_SUPPLIED MATERIAL_.
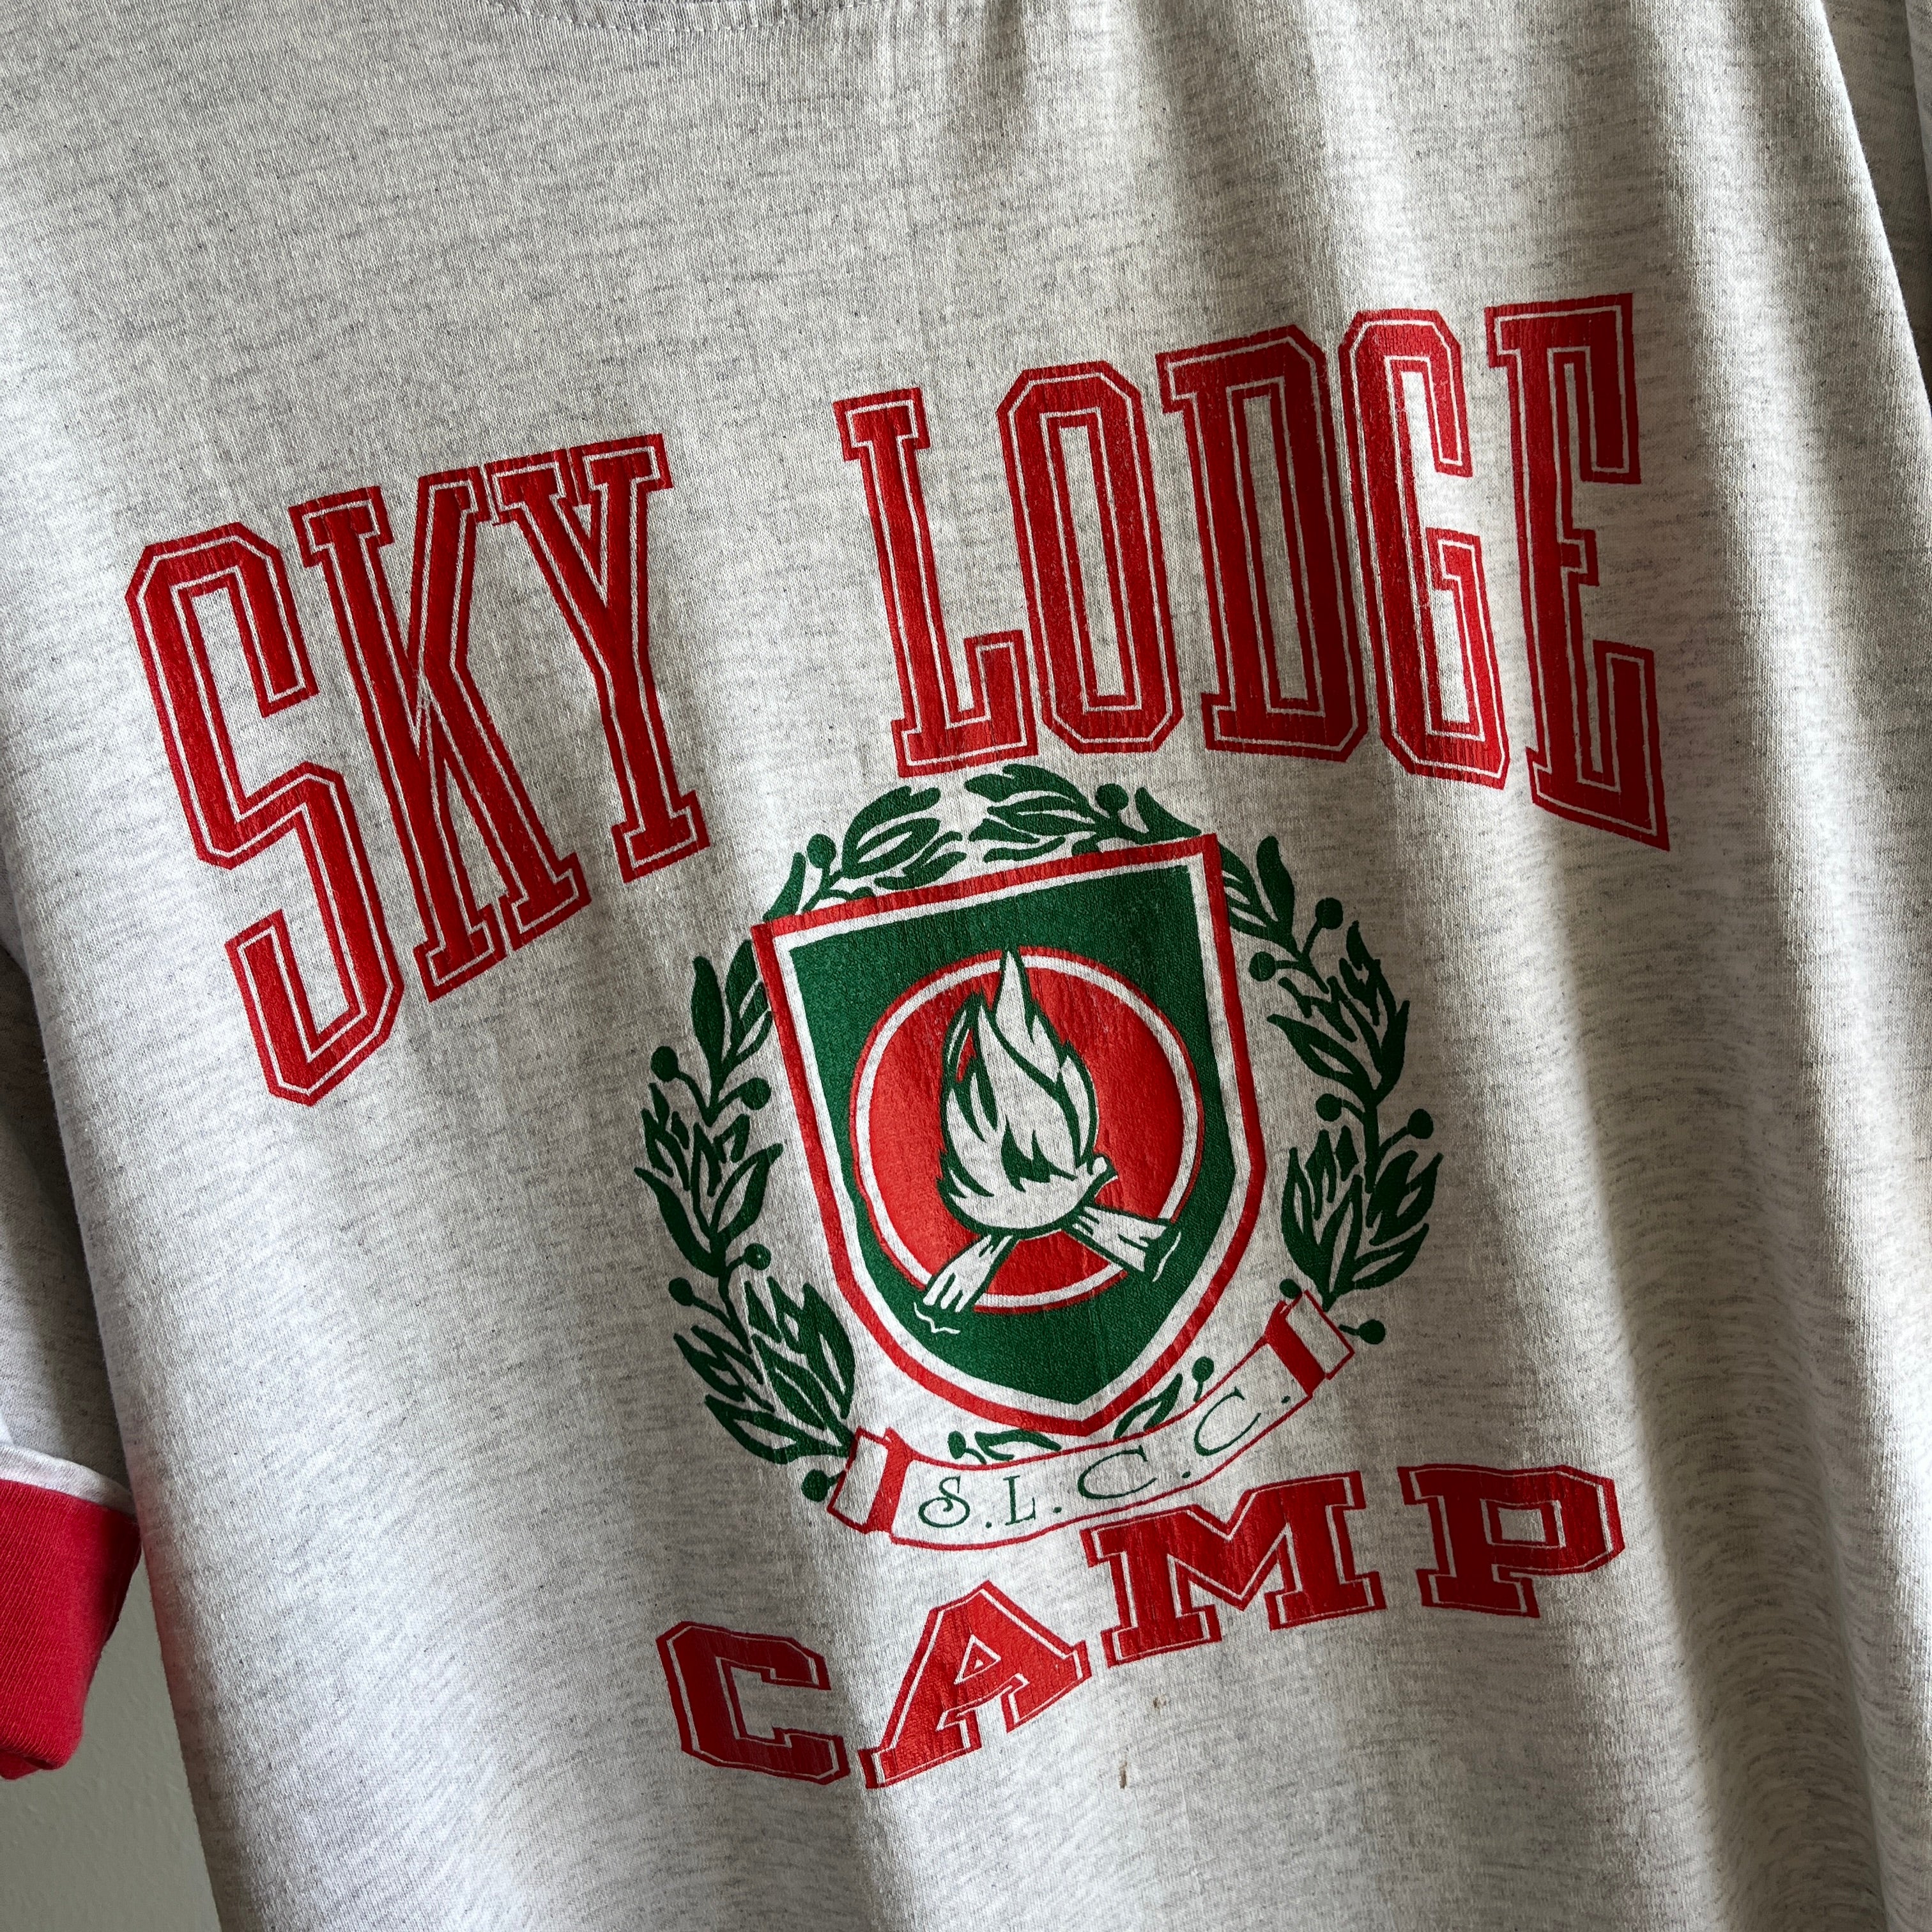 1990s Sky Lodge Camp Two Tone T-Shirt
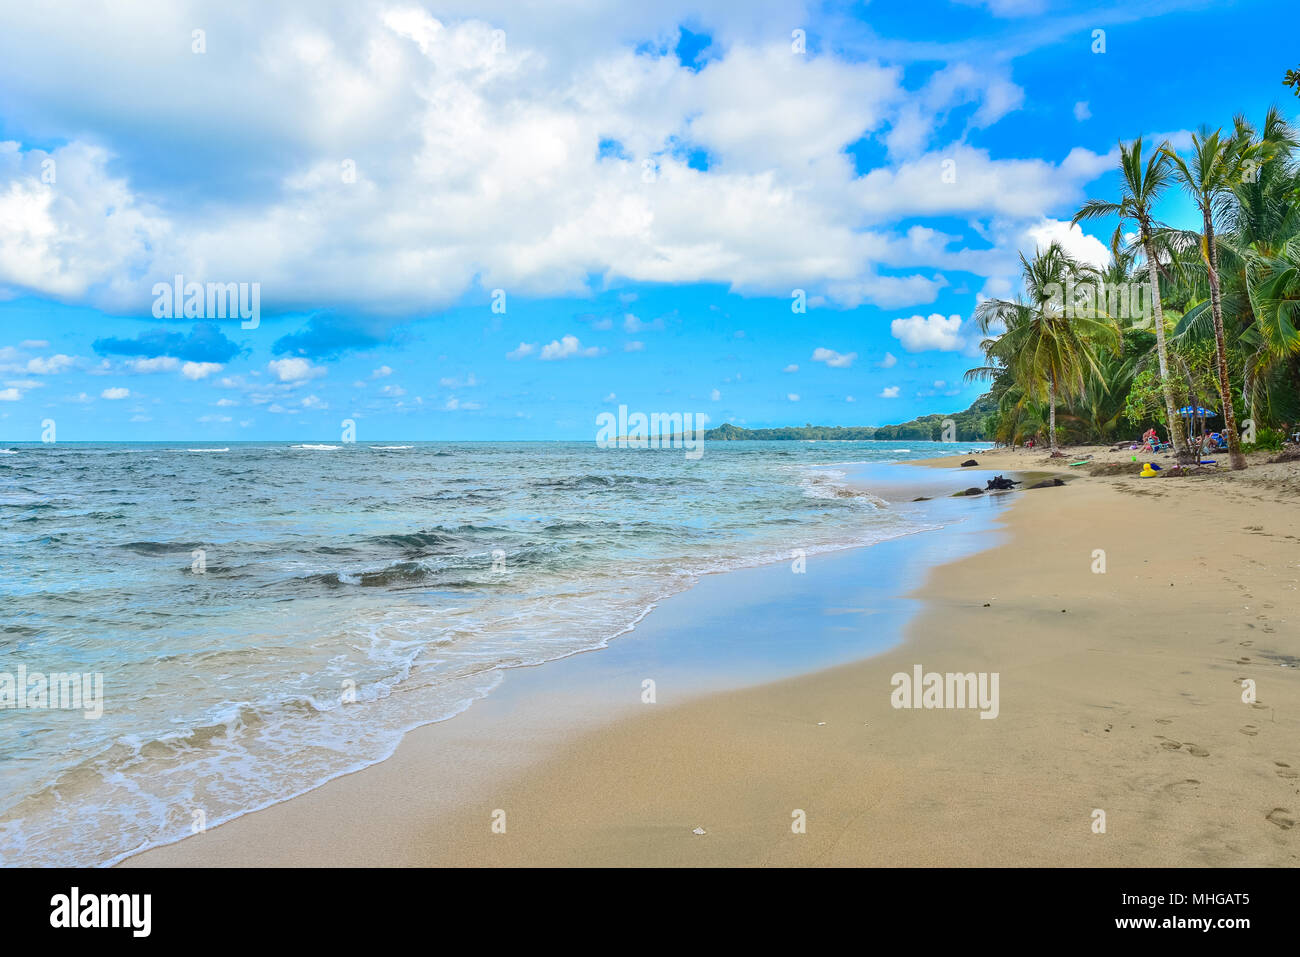 Playa Cocles - beautiful tropical beach close to Puerto Viejo - Costa Rica Stock Photo
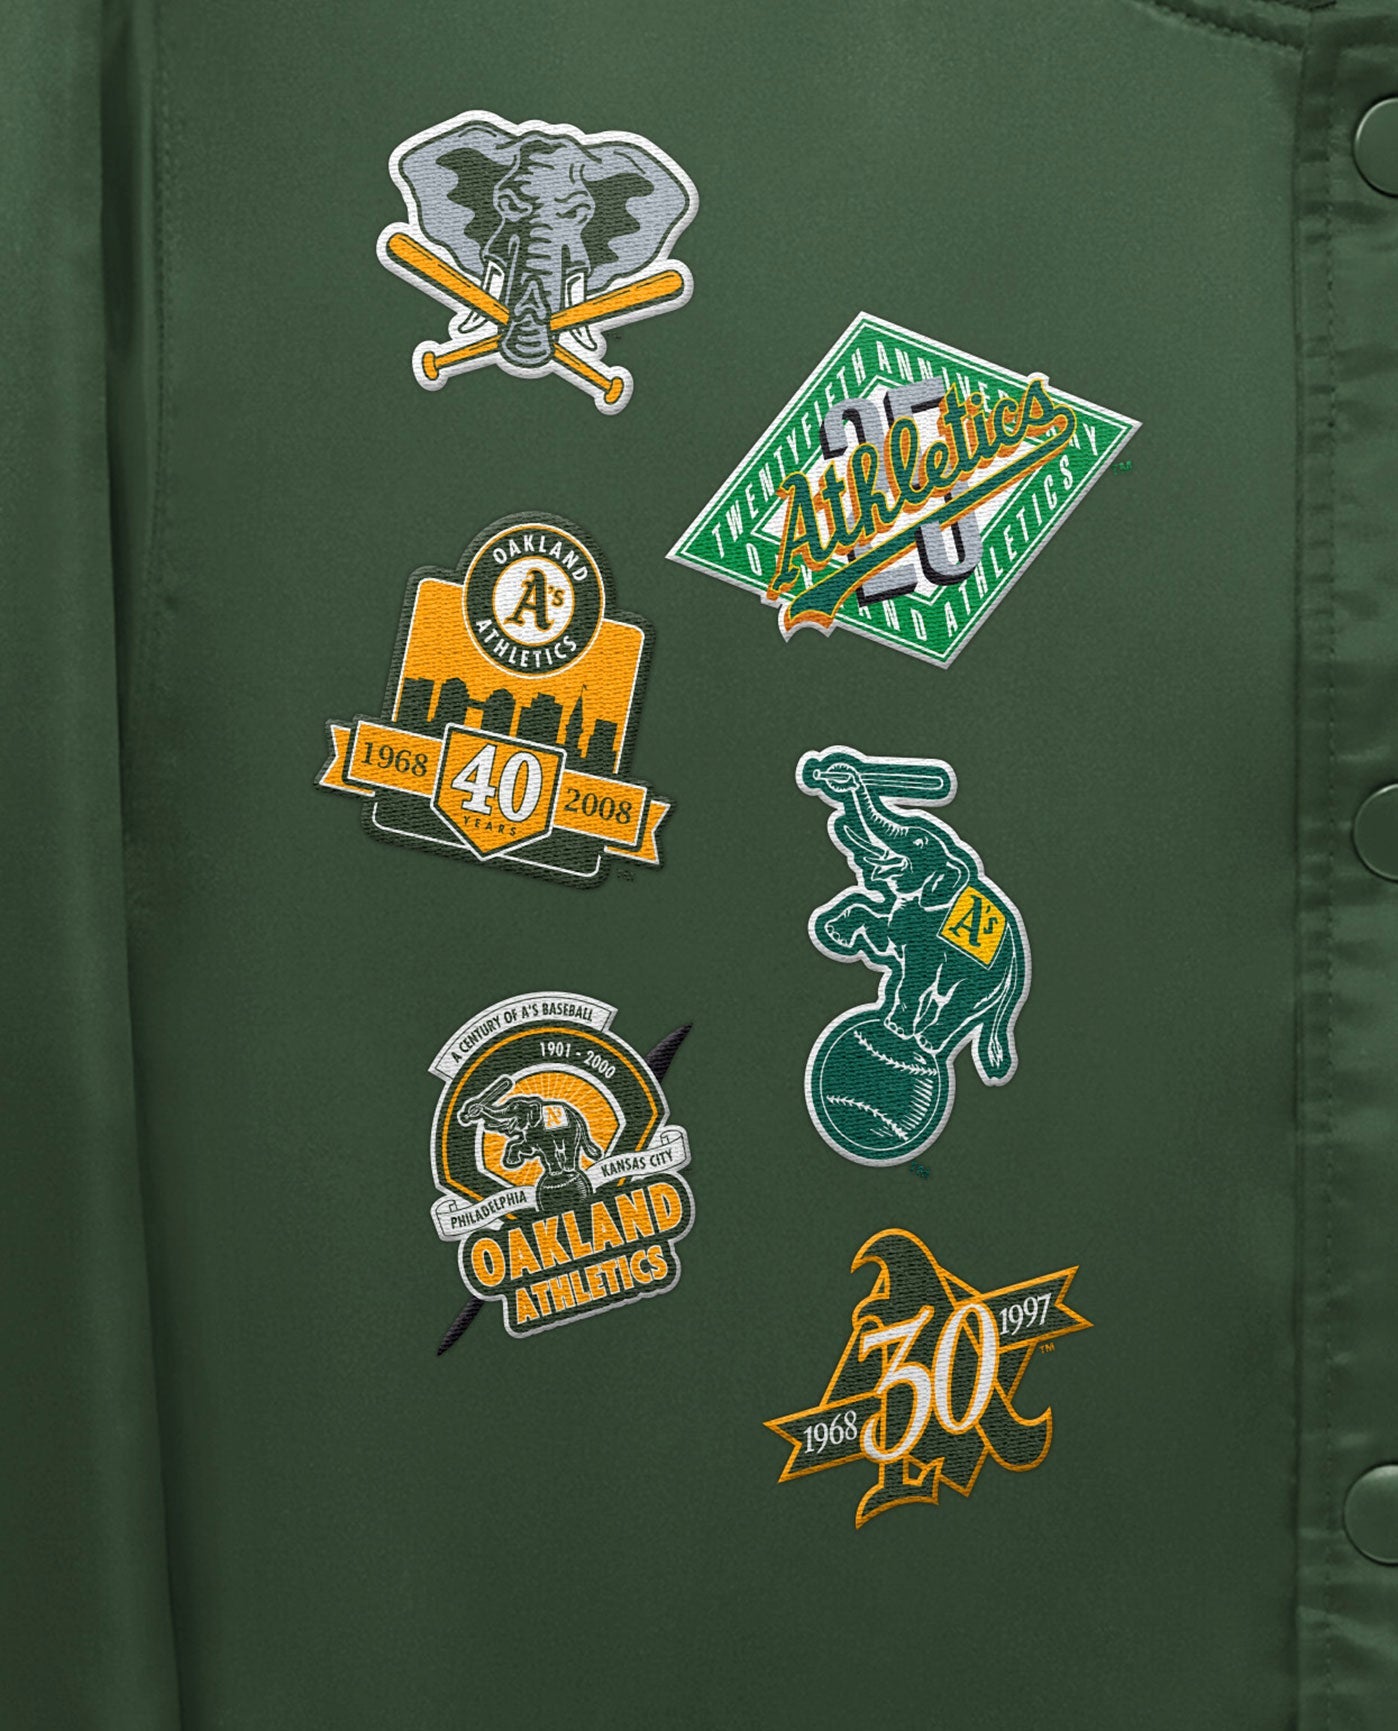 Starter Green Oakland Athletics Varsity Satin Full-Snap Jacket XXL / Athletics Green

_TASK GOAL_. Could you give again precisely the lines from the one containing "Playa Cocles - beautiful" through the final line of the material above, both included, and no others, dropping the pictures?

_ANSWER TO THIS PROBLEM_.
 Playa Cocles - beautiful tropical beach close to Puerto Viejo - Costa Rica Stock Photo
 Starter Green Oakland Athletics Varsity Satin Full-Snap Jacket XXL / Athletics Green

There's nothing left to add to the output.